** What is being asked **
Each line in the data must be reproduced as written, except for any picture.

** Supplied material **
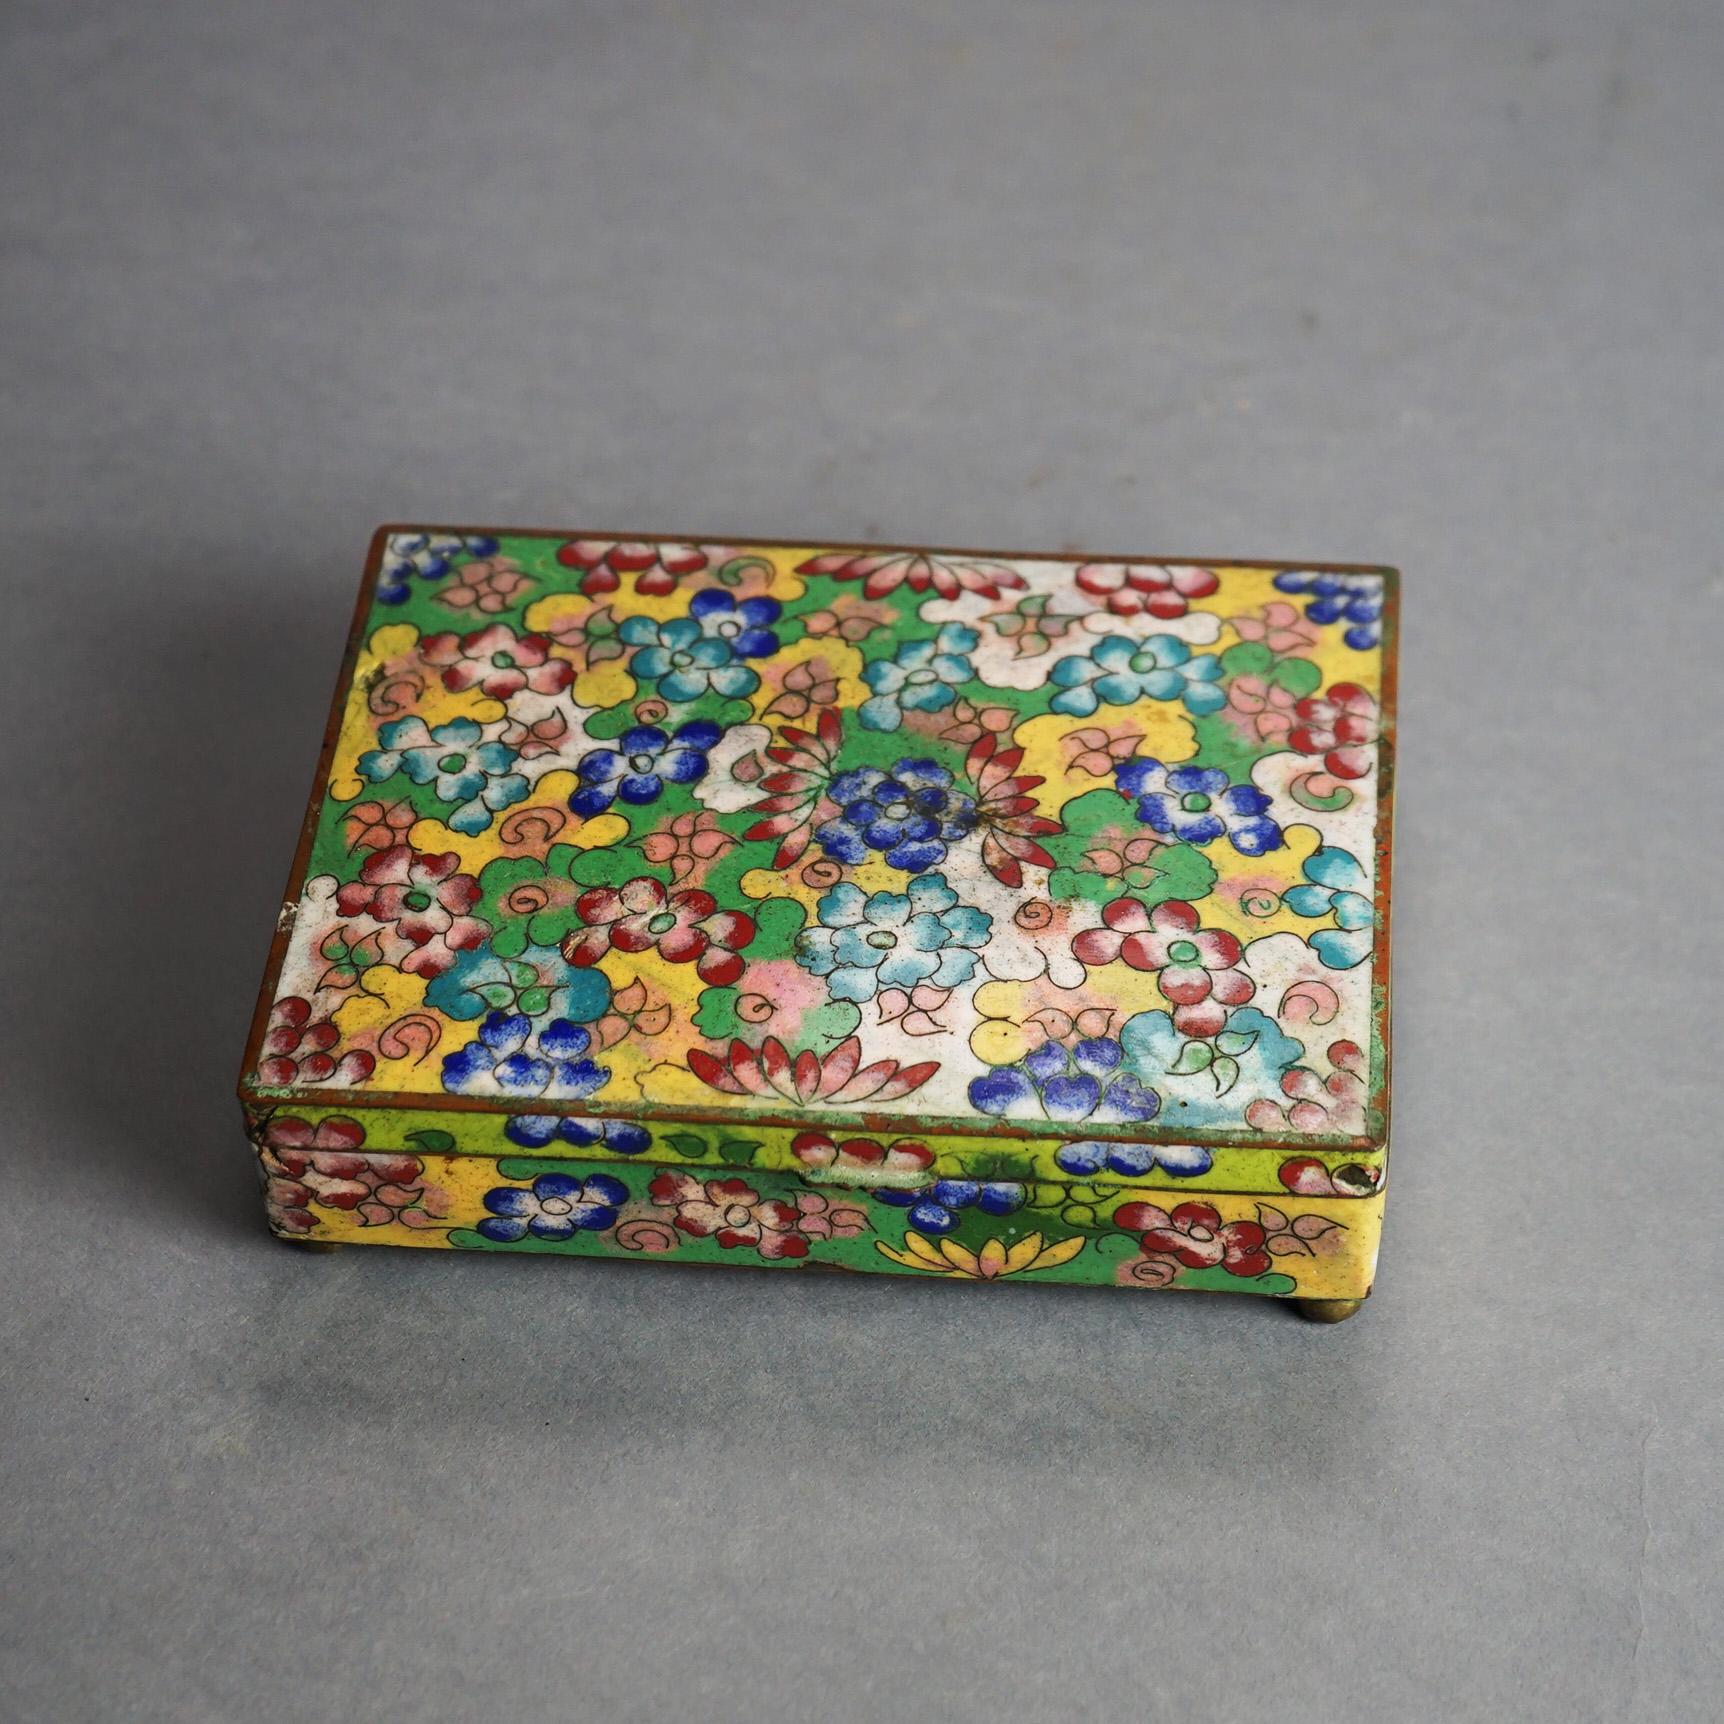 Four Antique Miscellaneous Chinese Cloisonne Enameled Items C1920

Measures - 3
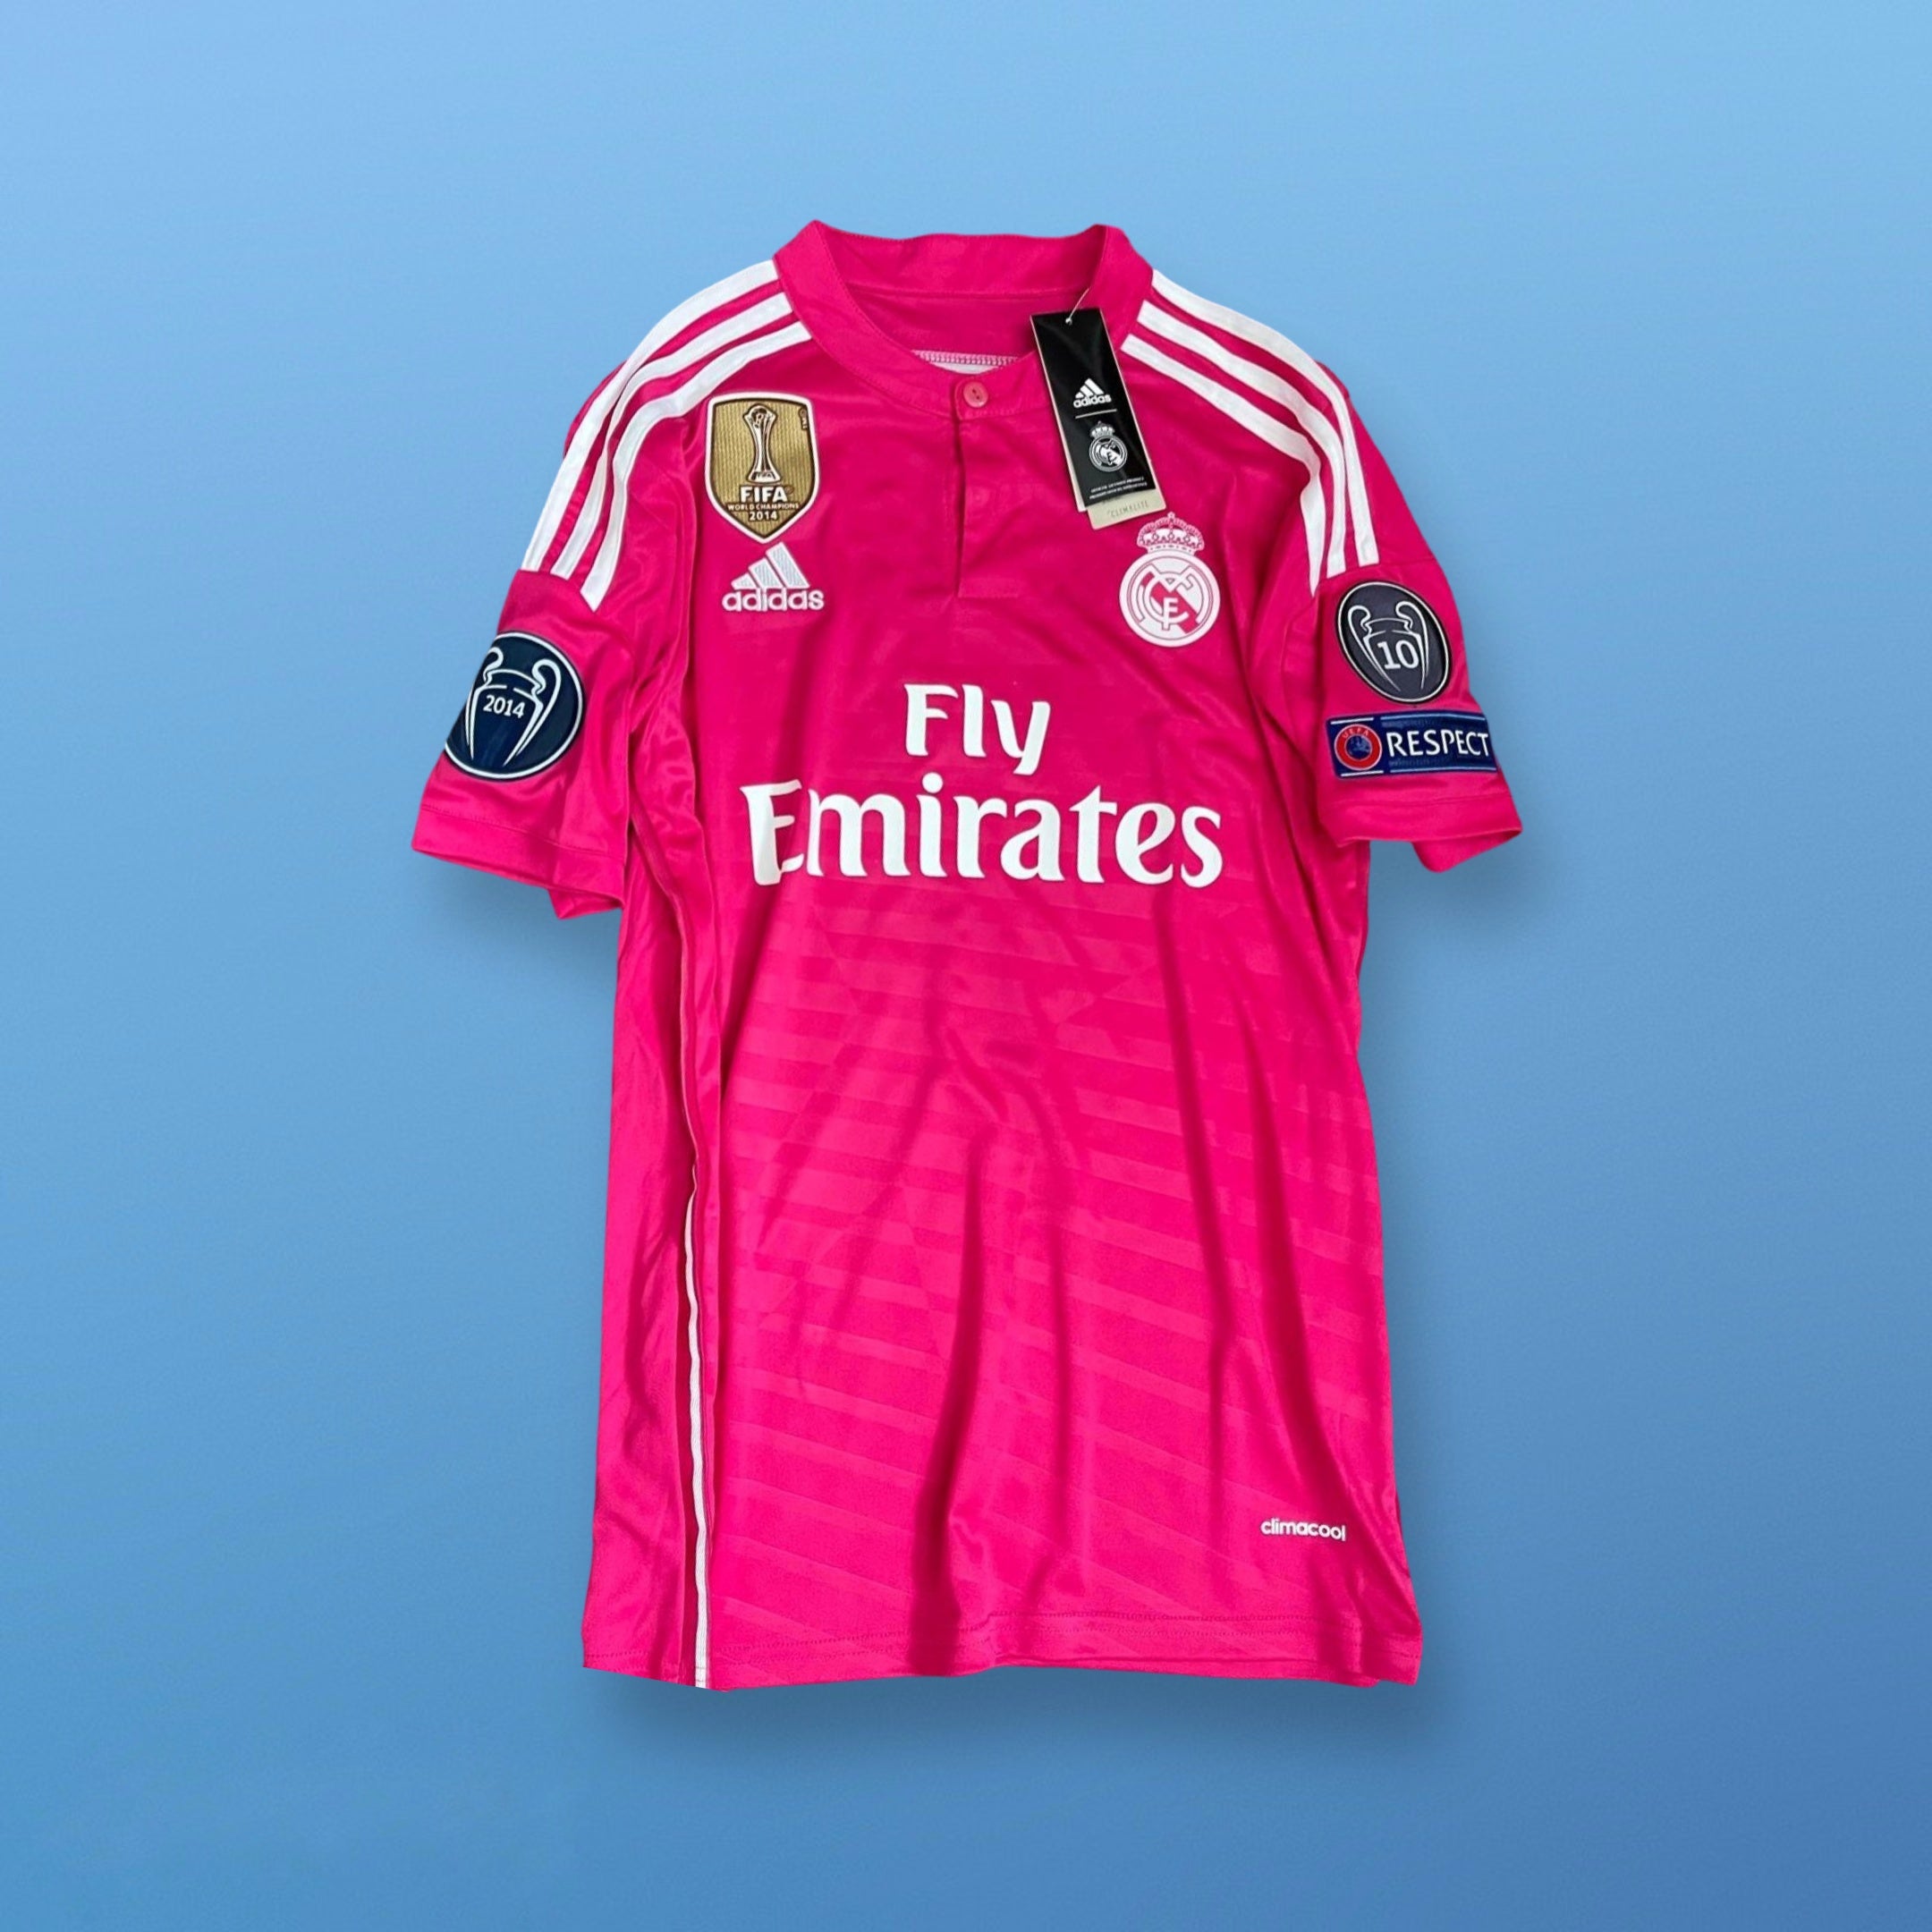 Real Madrid Retro Pink

** Answer to this exercise **
 Four Antique Miscellaneous Chinese Cloisonne Enameled Items C1920

Measures - 3
 Real Madrid Retro Pink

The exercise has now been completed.